• 19 novembre 2015 - Par bernarddarmon

    Origine :

    Après la chute du mur de Berlin, un occident arrogant a pensé que le Monde lui appartenait.
    Les USA en tête, les « stratèges » ont estimé qu’à la suite de l’effondrement de « l’ennemi soviétique »,  plus aucune résistance ne serait en mesure de stopper leur impérialisme économique.
    C’est ainsi que furent déclarées des guerres en Irak, au Kosovo, en Afghanistan, en Lybie et bien entendu en Syrie.
    Nous étions peu nombreux alors, à nous élever contre ces interventions armées qui mettaient à bas des régimes autoritaires pour les remplacer par des sbires fantoches à la solde des puissances occupantes.

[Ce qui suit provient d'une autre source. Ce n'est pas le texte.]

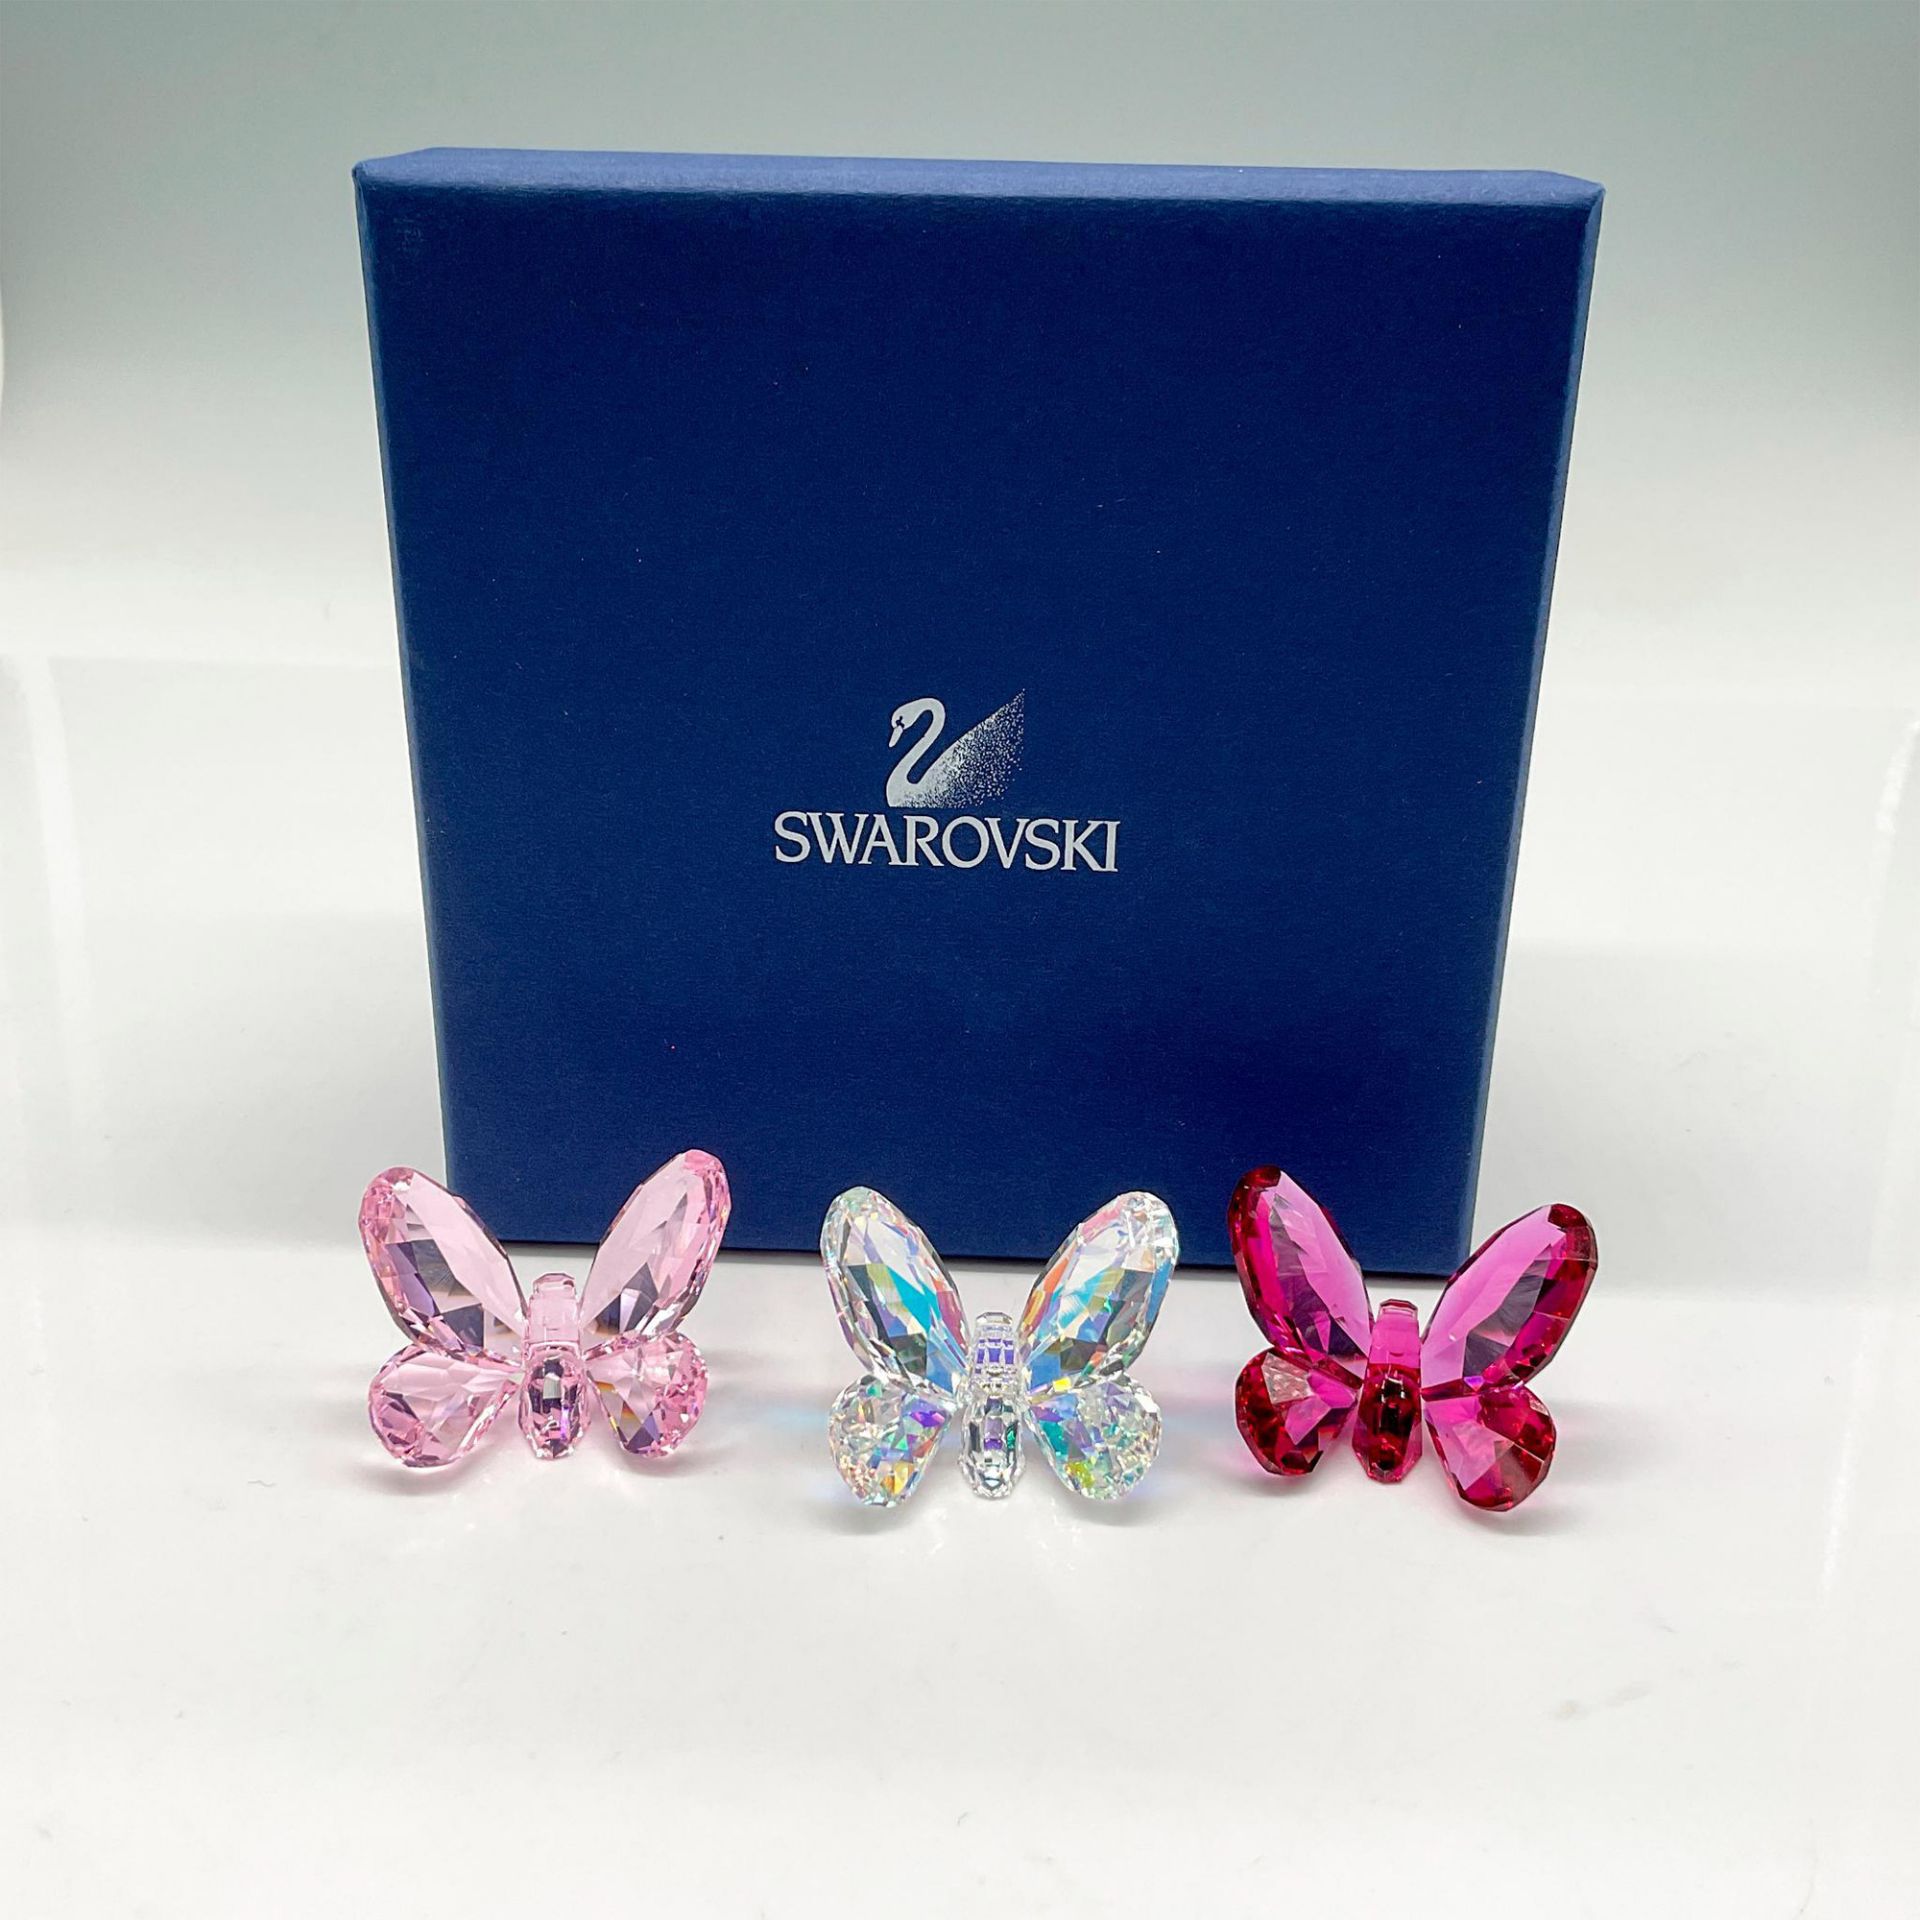 Swarovski Crystal Figurines, Set of 3 Small Butterflies - Image 4 of 4

    Il ne fallait pas être prophète pour comprendre que les populations n’abdiqueraient jamais devant ce néo-colonialisme. Et d’occupations en répressions, en passant par corruptions et manipulations, sont nés des monstres tels qu’Al Qaïda et l’Etat Islamique.

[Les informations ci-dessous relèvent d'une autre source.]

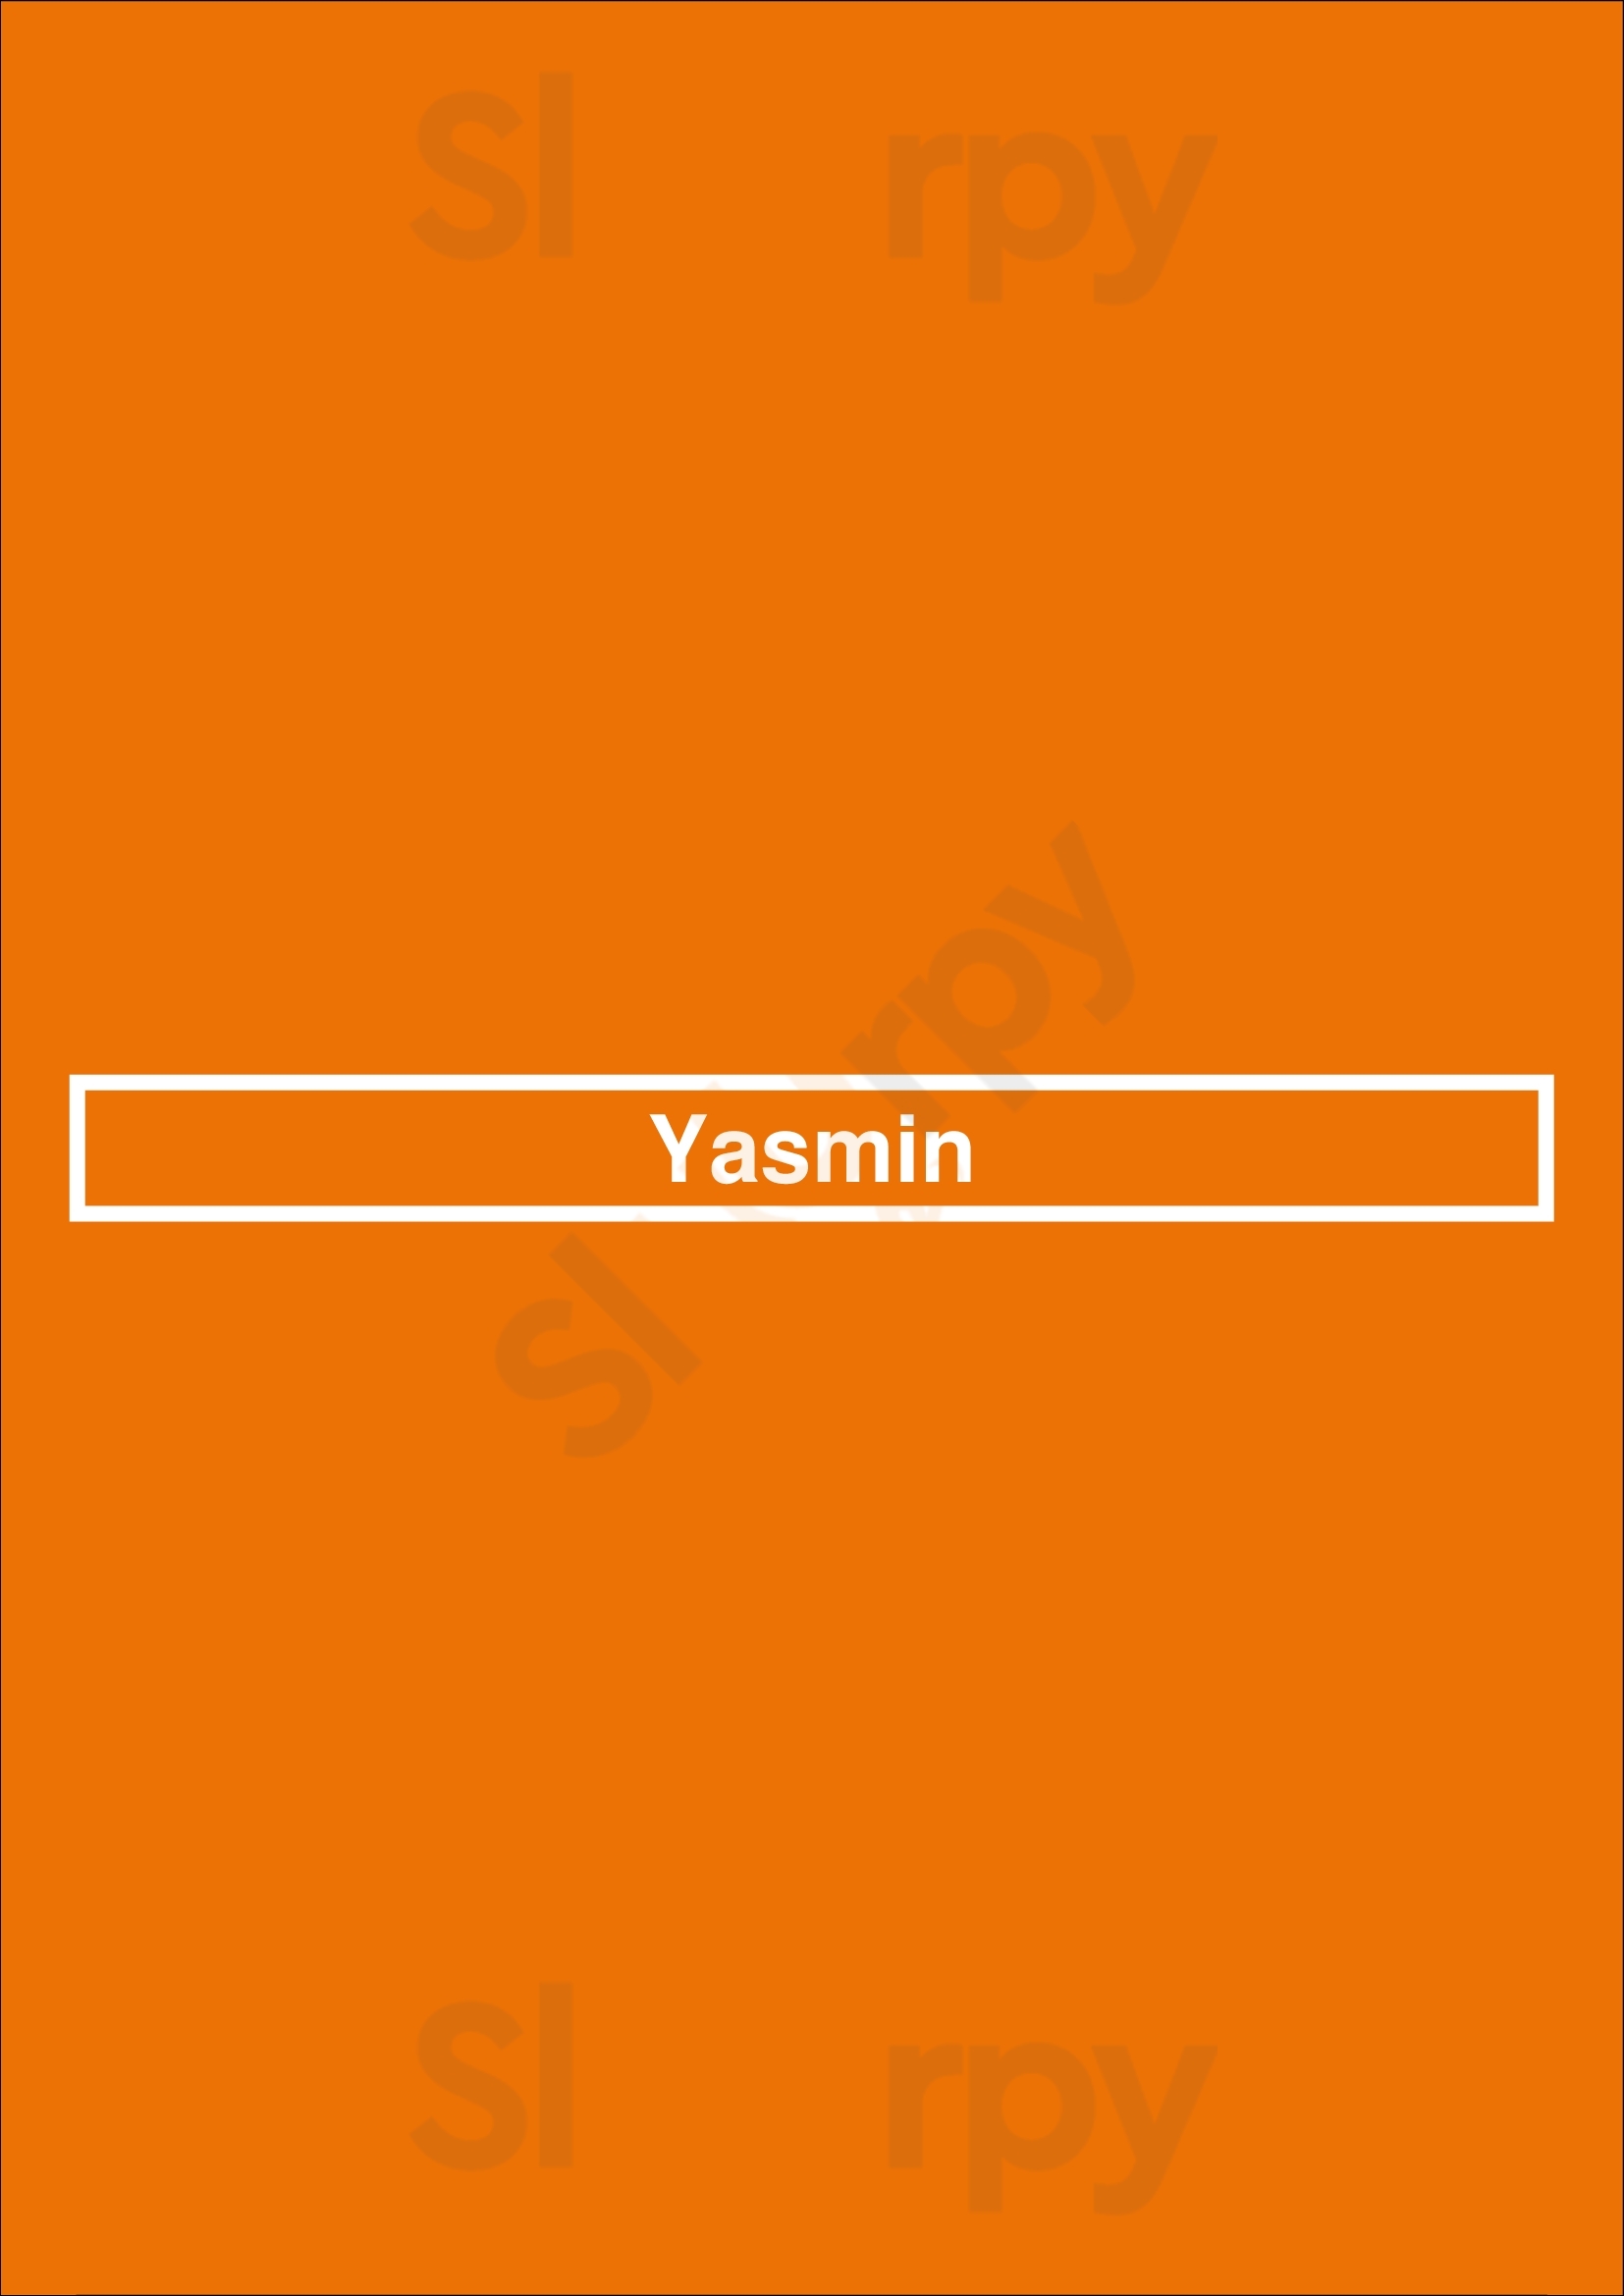 Yasmin Amsterdam Menu - 1

    Tirant profit des injustices commises, et surtout de l’incursion de ces troupes étrangères considérée comme une humiliation pour la population, les mouvements Djihadistes ont développé une idéologie diaboliquement efficace au service d’un Islam Salafiste radical qui avait été bridé avec une poigne de fer à l’époque des anciens dictateurs.
    Utilisant la guérilla et la terreur les djihadistes ont occupé le terrain et mis en échec les meilleures armées du monde.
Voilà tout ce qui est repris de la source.